Task directions: What you return must be the full data, repeated verbatim, with no pictures in it.

Data below:
:::::

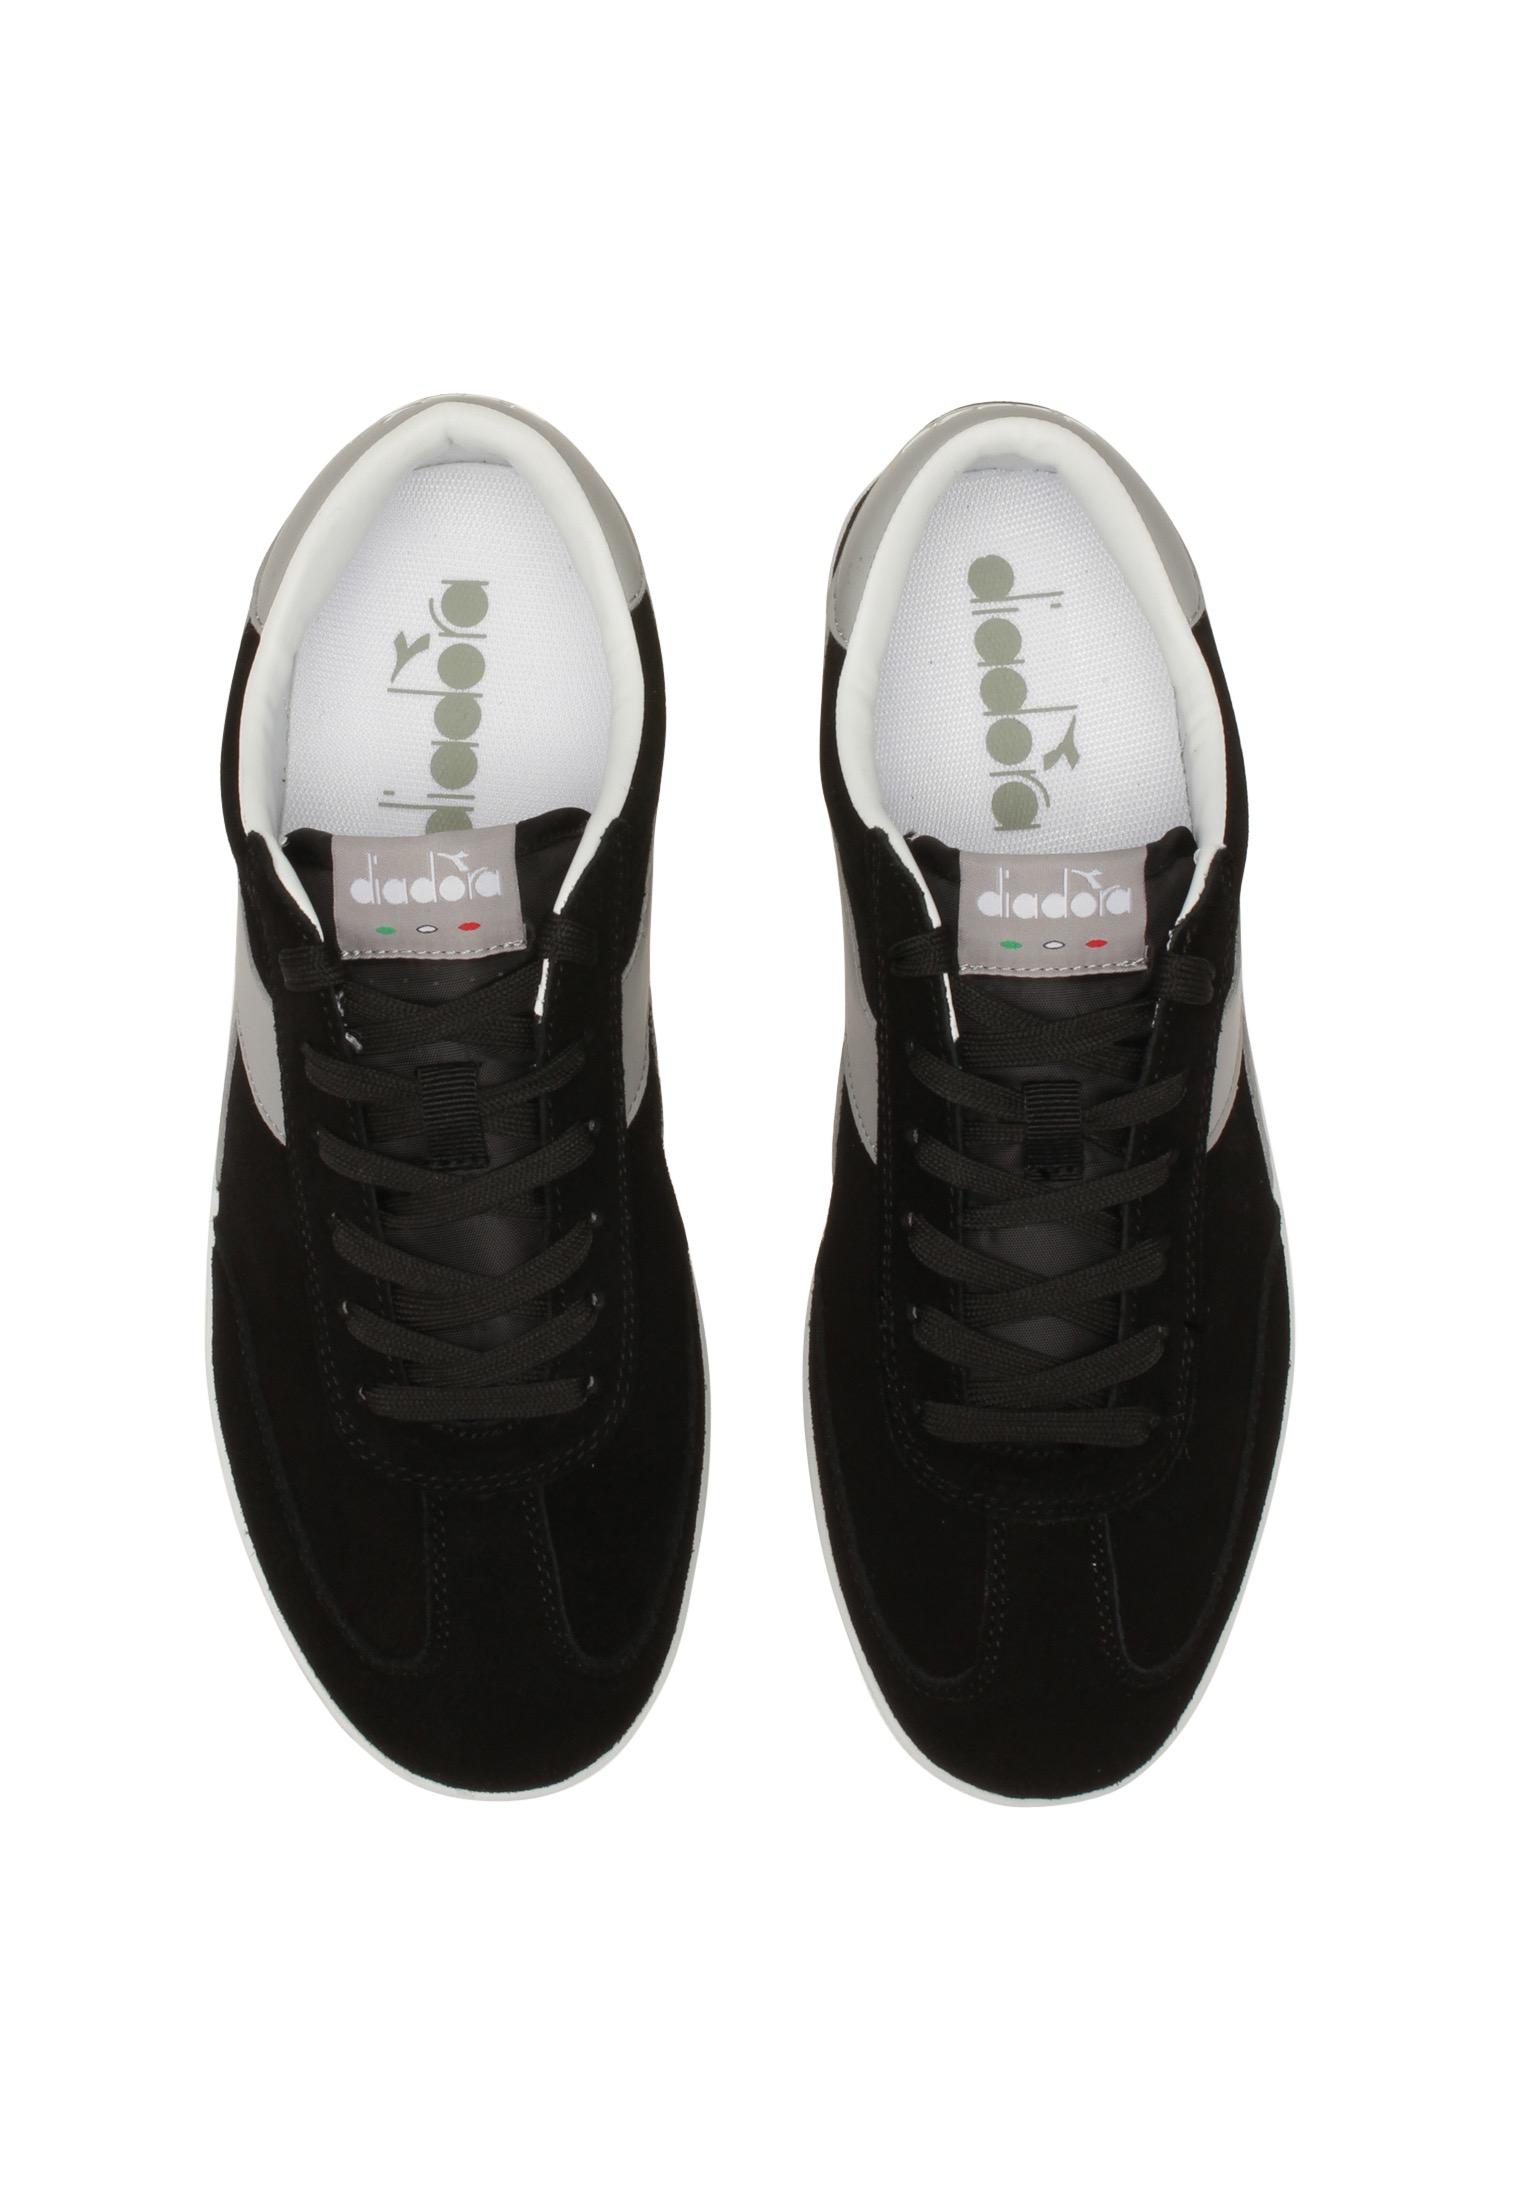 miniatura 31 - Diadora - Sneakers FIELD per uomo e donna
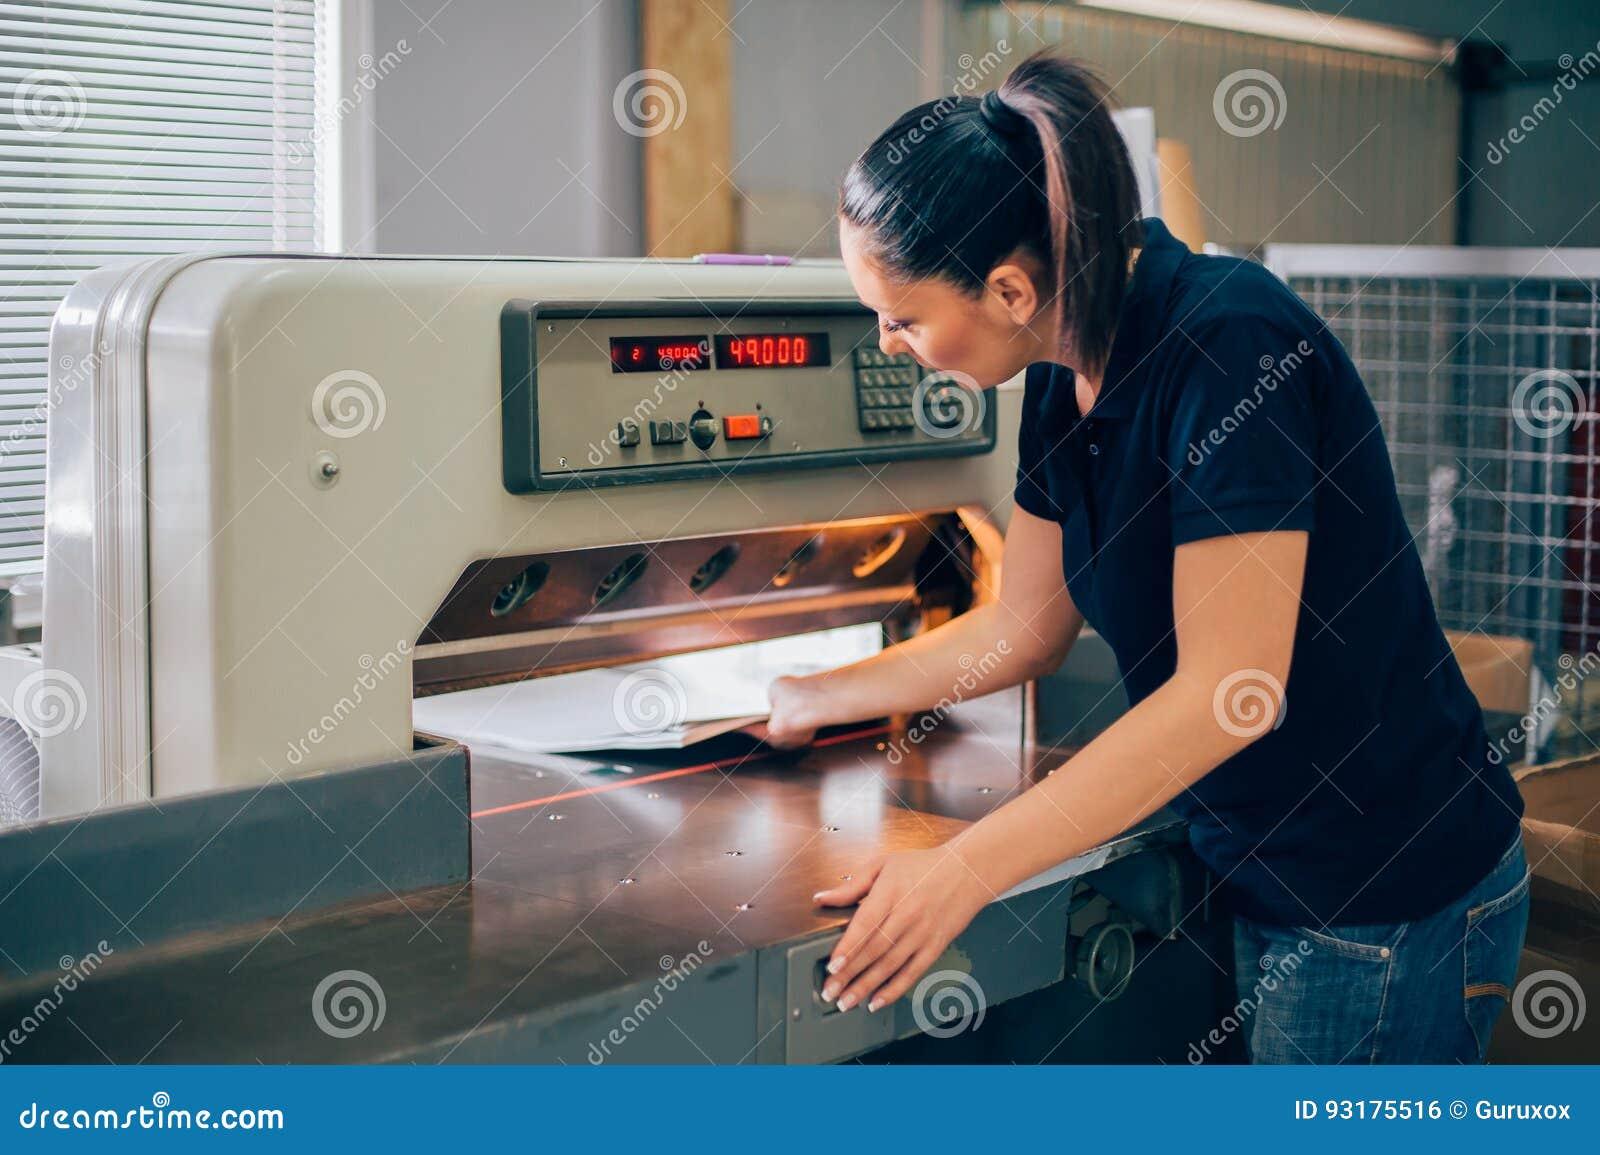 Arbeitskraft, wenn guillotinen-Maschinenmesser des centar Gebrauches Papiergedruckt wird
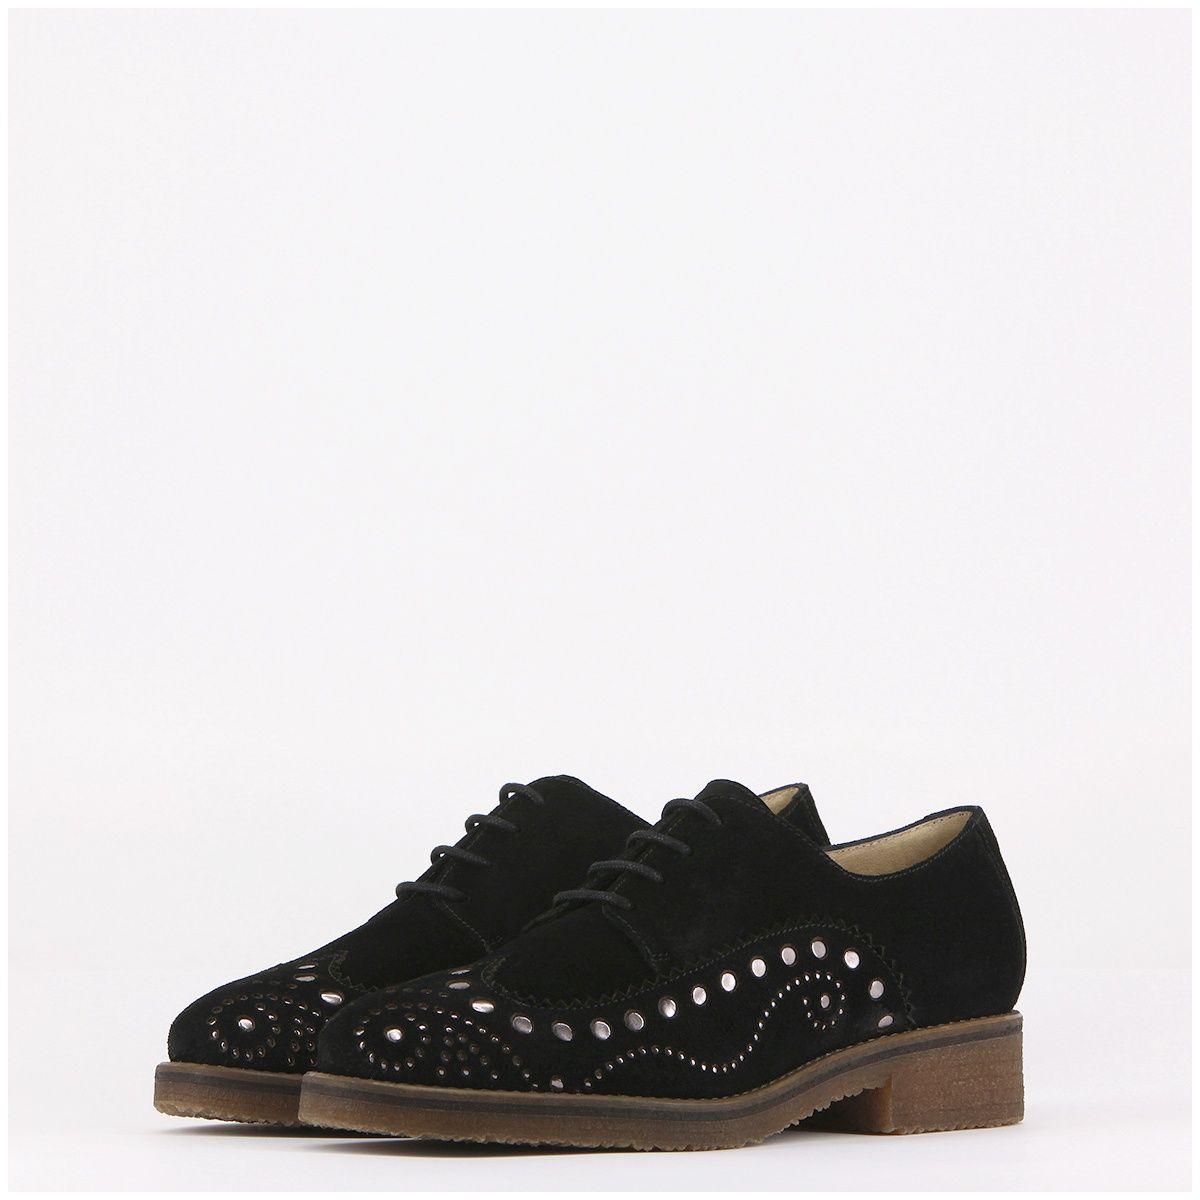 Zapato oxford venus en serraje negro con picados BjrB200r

:::::

Result:
 miniatura 31 - Diadora - Sneakers FIELD per uomo e donna
 Arbeitskraft, wenn guillotinen-Maschinenmesser des centar Gebrauches Papiergedruckt wird
 Zapato oxford venus en serraje negro con picados BjrB200r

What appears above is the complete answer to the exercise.